The description made me think about the Catholic church according to Jack Chick, and the same idea of hyper-control yet corrupted system continues; even though sex out of marriage is forbidden, along with any inpure thoughts that might lead to thinking about it, behind the scenes it's not uncommon to, mmm, twist the rules. And unsurprisingly, the Prophet himself has a steady supply of virgins and not-so-virgins ready to make His Holiness' stay on earth as comfortable as possible.

Despite all these measures, it seems to be ridiculously easy to escape and break the system; the main character, young officer working in the guard of capital city, a citadel where Prophet lives, falls in love, decides he wants to get away with her, hooks up with underground organization and in few hundred pages the entire 100-year fundamentalist state collapses as a result of simple hologram display sabotage.

One thing I found rather amusing, although only later when I realized where I had heard the name Robert Heinlein before, was how this cult sounds vaguely like what Scientology is claimed by some to be. Mind control, corruption, all sorts of abuse, supreme leader, you name it. I wonder if L. Ron Hubbard designed his cult after Heinlein's book, or maybe the other way around?

Title: Revolt in 2100
Author: Robert A. Heinlein
Genre: Science fiction
Publication date: 1954

This is actually a collection of three stories: "If This Goes On--" is a short novel, originally published as a serial in Astounding Science Fiction; Coventry is short story, which I believe is original to this collection; and Misfit is a short story that originally appeared in a 1939 issue of Astounding Science Fiction.

Revolt in 2100 isn't actually a book you need to buy. It was the third in the Future History series, and all of these stories have since been collected in a rather large book entitled The Past Through Tomorrow. If you are a fan of Heinlein's novels but not his short stories, it's worth getting this book just for "If This Goes On--". Here's a quick review of the contents of the book I have before me:

Revolt in 2100

The Innocent Eye: An Introduction by Henry Kuttner

Even if you are a fan of Henry Kuttner (I am), it's probably not worth reading the introduction. It has no real content, except to explain that Heinlein is a great writer because he has an excellent sense of the human experience and he's a great story teller. I mention it only because this, along with the postscript, are the only elements of this book that do not also appear in The Past Through Tomorrow. Unfortunately I do not know what year the forward was written, and I don't know if it appears in all editions.

"If This Goes On--"

This is as close a look at the theocratic dictatorship started by Nehemiah Scudder as we ever get to see. (Although For Us, The Living gives more background on Scudder himself, it gives a completely different timeline; FU,TL is not officially part of the Future History). It takes place about three generations after the reign of Scudder, but the tyranny of the Prophets still rules the land in an iron grip. While this is the revolt referred to in the anthology's title, it actually takes place a little before 2100, although an exact date is not given.

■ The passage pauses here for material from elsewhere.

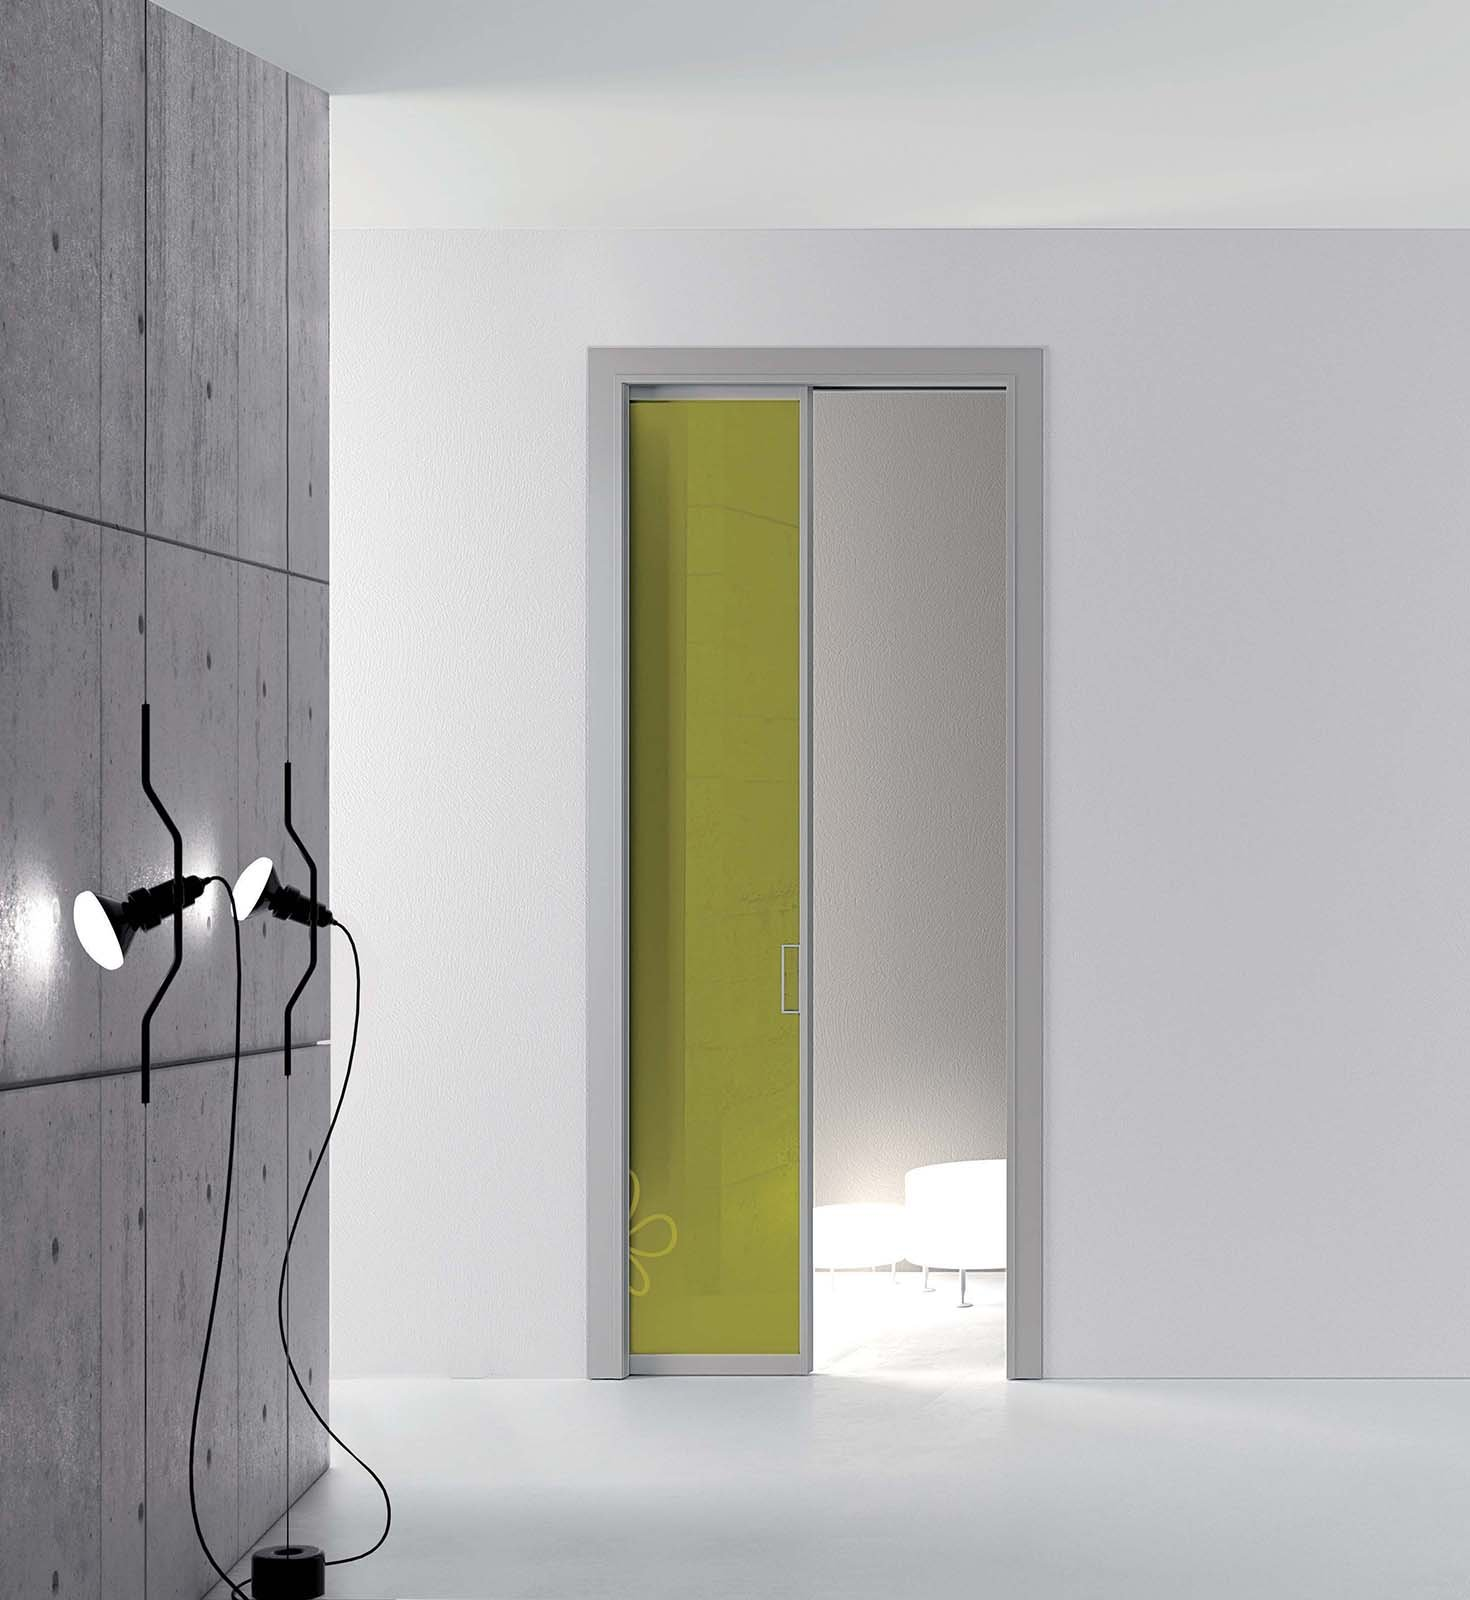 Porte scorrevoli in vetro a scomparsa o esterno muro cose di casa - Porte scorrevoli interno muro prezzi ...

The tale is told from one of the soldiers of the Prophet's personal guards, John Lyle. He is a pious man, and still quite young and naive, given his position. While on guard duty at the palace one night, he meets and befriends one of the Virgins, the beautiful young women whom the Prophet has selected to share his bed. A great honor indeed, but she refuses the Prophet, and is arrested, to be imprisoned until she sees the error of her ways. In attempting to rescue her, John becomes tangled up in plots of rebellion. Telling any more would involve spoilers.

It's a good story, but its merit lies in Heinlein's writing style, and nowhere else. This is not hard science fiction, there's not much development of the ideas of libertarianism or other social theories (apart from a strong desire for freedom), and it doesn't even have much of the Hero Conquering Adversary vibe that was so popular in later decades. I consider it to be required Heinlein reading just because the theocracy of the Prophets is referenced so many times in other books. Regardless, it's an fun read.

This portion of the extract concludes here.